When the DERIVE function is specified, on input this variable must contain the random data previously created during a previous GENERATE function and is used to diversify the second output key of a key pair. The derivation data, V, that is input to the diversification process for creating the key must be 16 – 40 bytes and is created by concatenating the additional_derivation_data with the random_data. The random data must be at least 16 bytes.

Note: For a given pair of output keys, the DERIVE function must provide the same random data and additional derivation data as the GENERATE function used.

The additional derivation data concatenated with the random data cannot exceed 2048 for CCA release 7.4, and later.
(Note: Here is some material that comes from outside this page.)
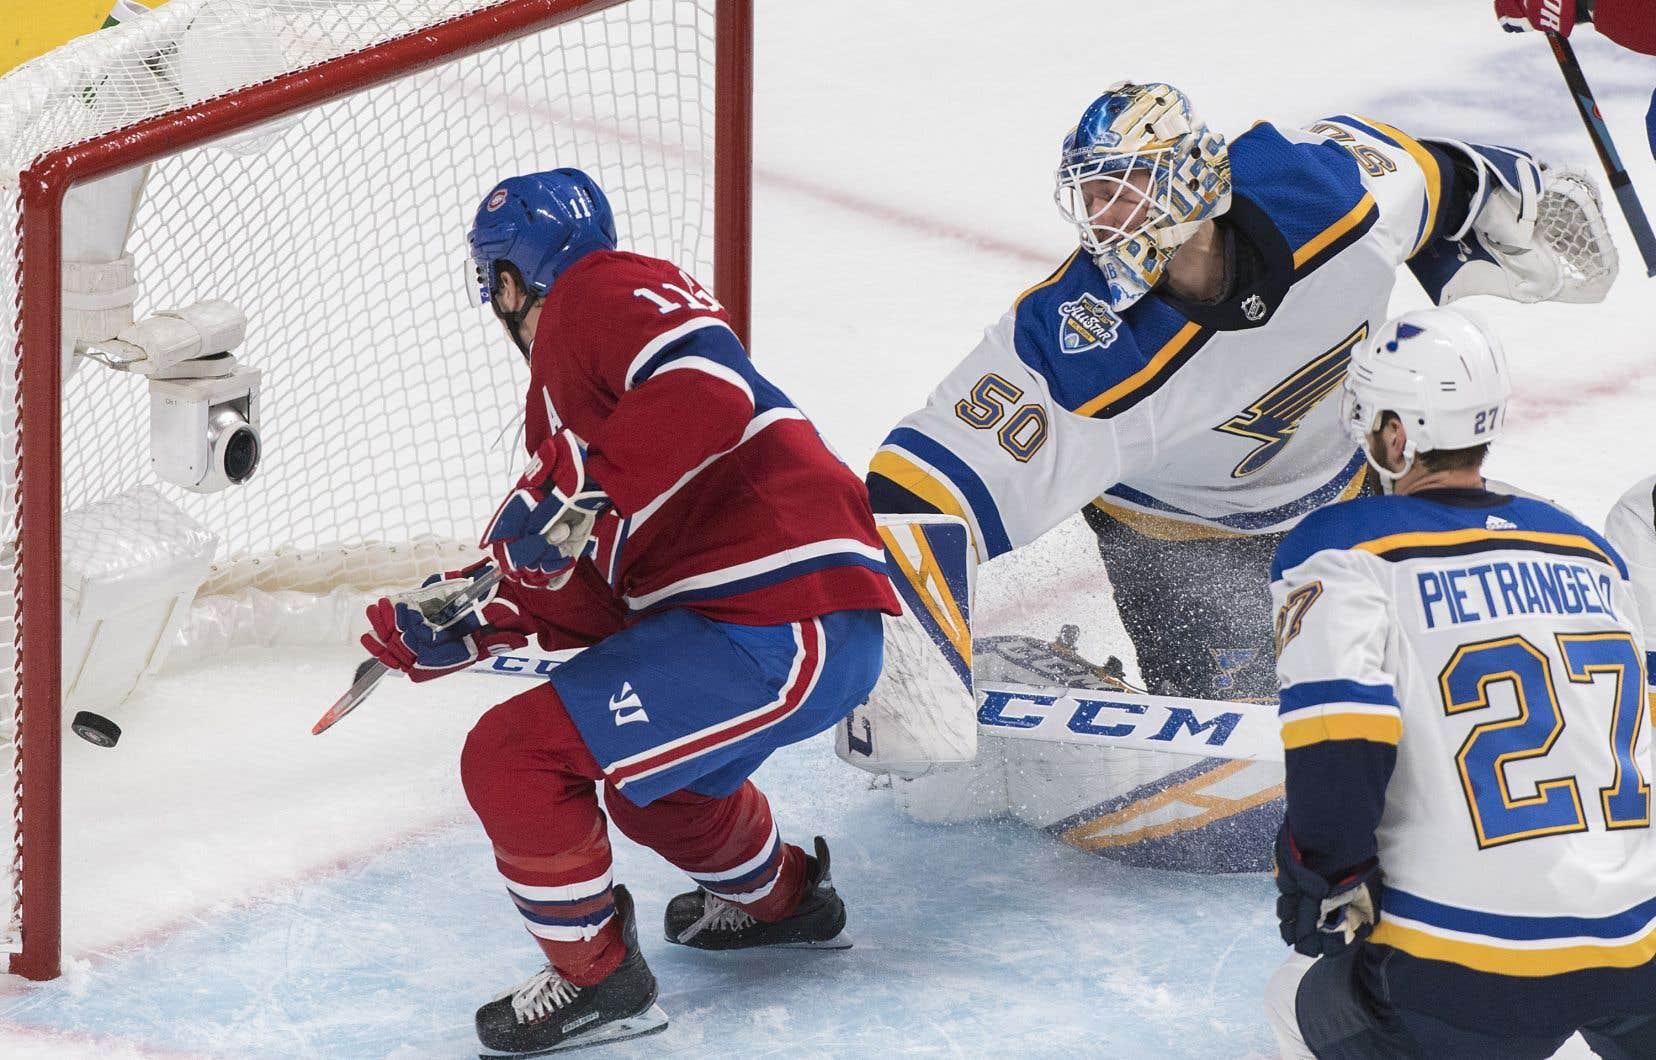 Le Canadien de Montréal a battu les Blues de Saint Louis 6-3 samedi.

Otherwise, the random data cannot exceed 40 bytes.

output_key_identifier_length
Direction Type
Input/Output Integer

A pointer to an integer variable containing the number of bytes of data in the output_key_identifier variable. On input, this is the size of the buffer. On output, the verb sets the variable to the length of the returned output_key_identifier variable. The maximum value is 900.

output_key_identifier
Direction Type
Input/Output String
A pointer to a string variable containing a variable-length symmetric key-token, or the label of such a record in AES key-storage, for the key token that is to receive the output key. On input, this parameter must identify a null variable-length symmetric key-token. The key characteristics are identified by the key_type_vector parameter. The output key token will be:
  • Internal
  • Payload format version X’01’
  • No key label in the associated data
  • No IBM extended associated data (IEAD)
  • No user-defined associated data (UAD)
  • General export control: NOEXPORT
  • The key length defined in the key type vector determines the length of the output key.

When the kdk_identifier is compliant-tagged, a compliant-tagged key token is created.